ADDENDUM/AMPLIFICATION
That you specified a single row and indefinite number of columns in the LHS addressing expression "tells" Matlab you specifically require a row vector; otherwise the addressing expression would be incorrect for a column vector (of other than length one, anyway, unless i is a vector).
If you wish for the result to have the shape of the RHS irrespective of whether that is a row or column vector, then you would write simply
dot_pi = RHS;
excepting in your case where you're obviously operating in a loop and need to fill it, you must reference a location or the LHS will simply be the single vector overwritten each pass.

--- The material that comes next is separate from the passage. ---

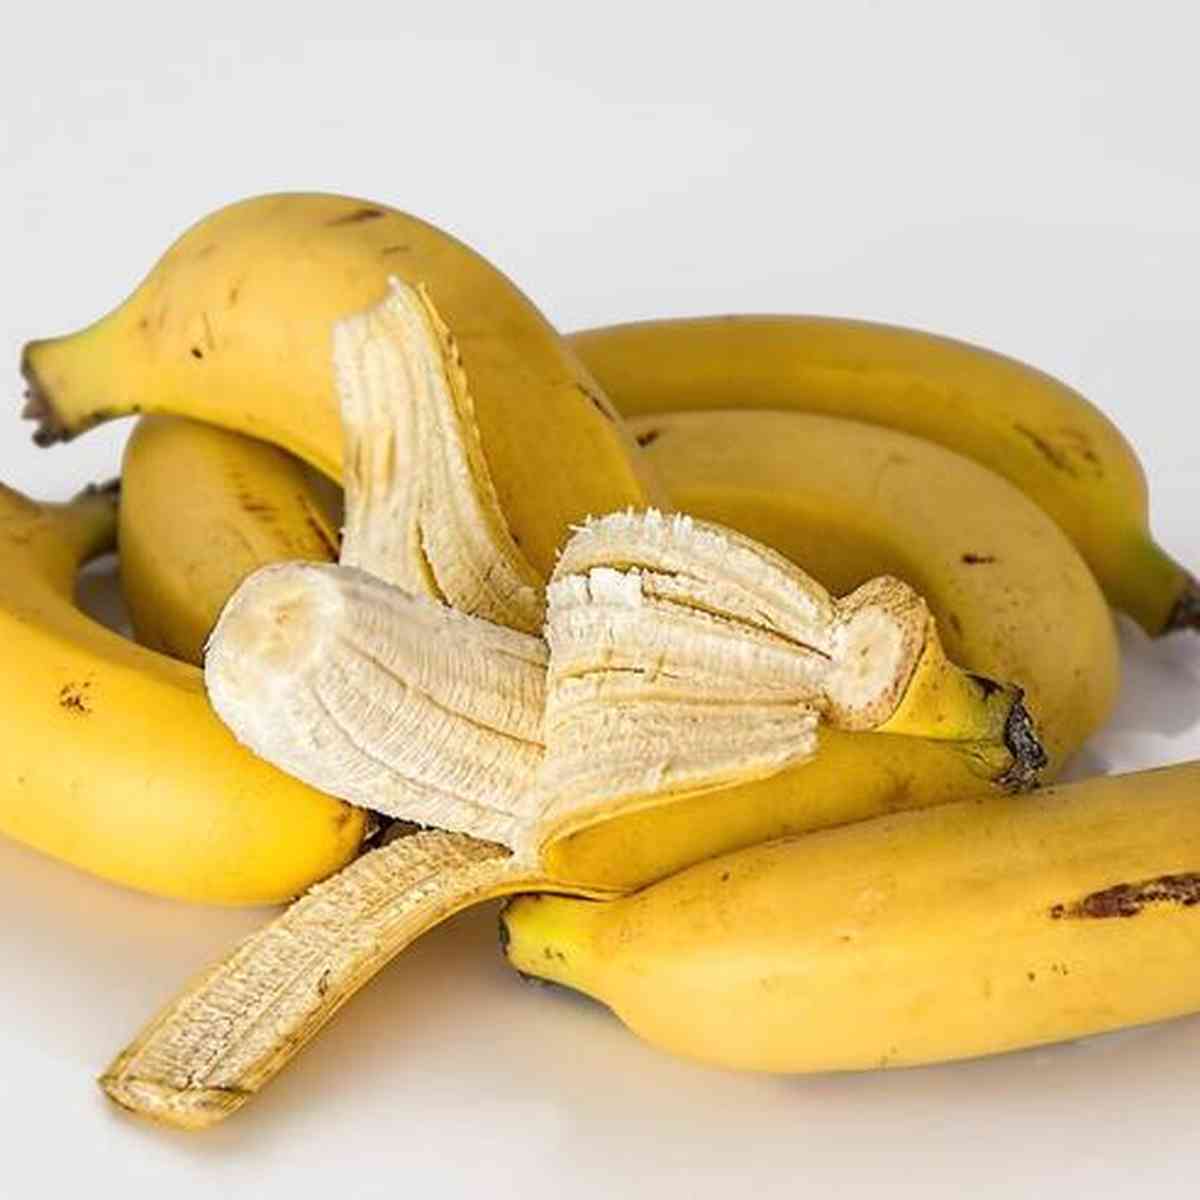 Dieta da banana funciona? Conheça os 8 pilares desse método para
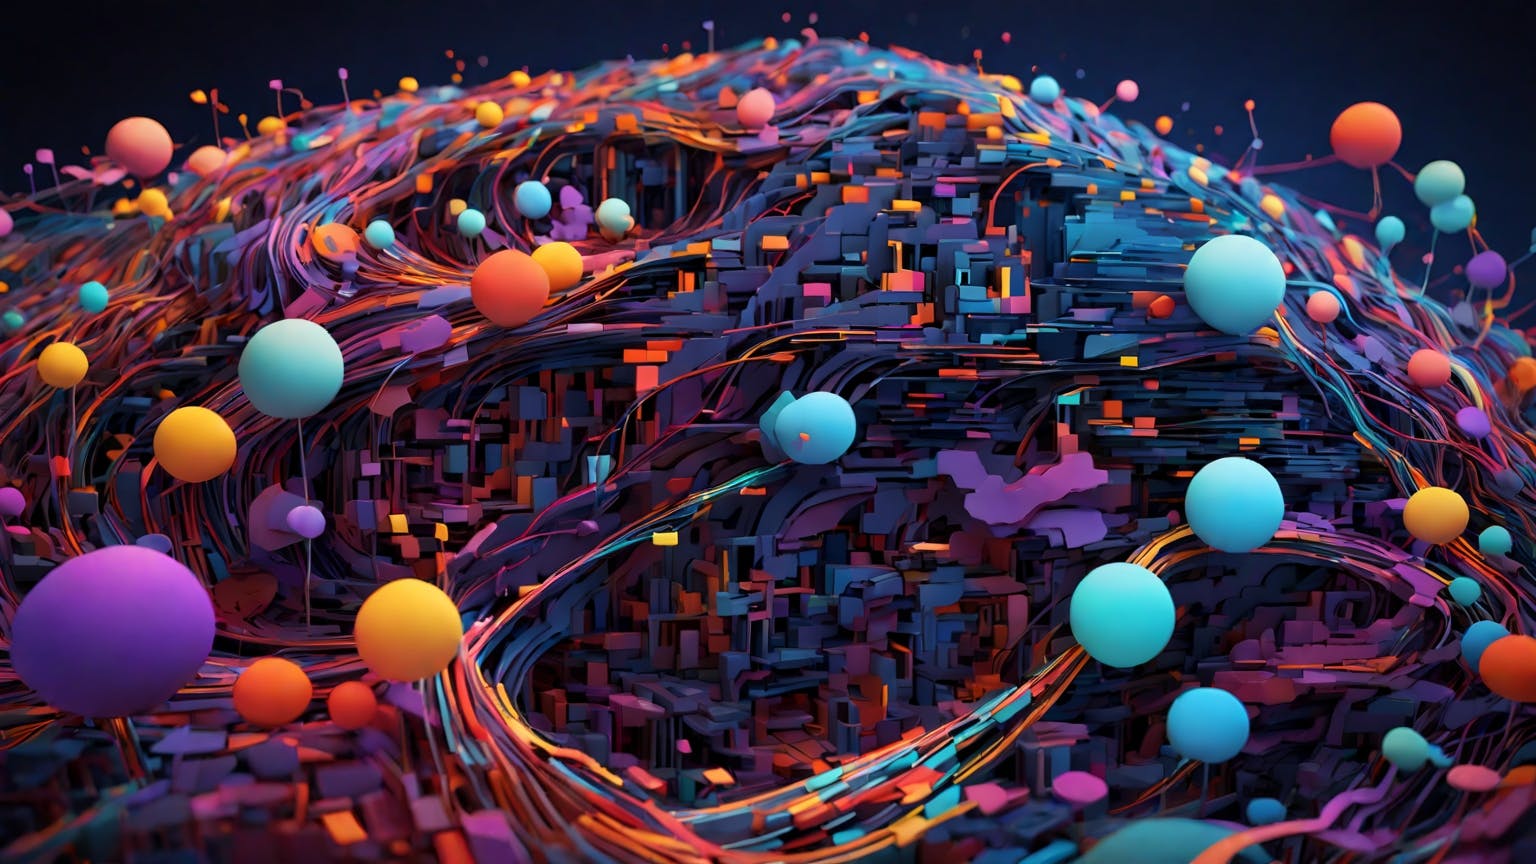 Abstract art representing computer programming

Hence, if you do want the the final result to be stored by column instead of row, you needs must write it that way as
dot_pi(:,i) = RHS;
instead. Matlab, being an obedient servant, simply follows your instructions. Being as noted above a rapid development system its philosophy is that as long as the rules on size and addressing can be accomodated without actual syntax or size error it'll silently do what you say on the presumption that'll get you to the end result more rapidly than having to worry about explicit details excessively as is common in more strongly typed and compiled languages where allocation isn't dynamic. The drawback is that many things that "work" thus may not be what you actually intend. "There is no free lunch!"
You don't say what you really need/want for the end result specifically, but if it's an issue that you have row-oriented result instead of column, swap the addressing index as above (or transpose the end result when the loop is done with .').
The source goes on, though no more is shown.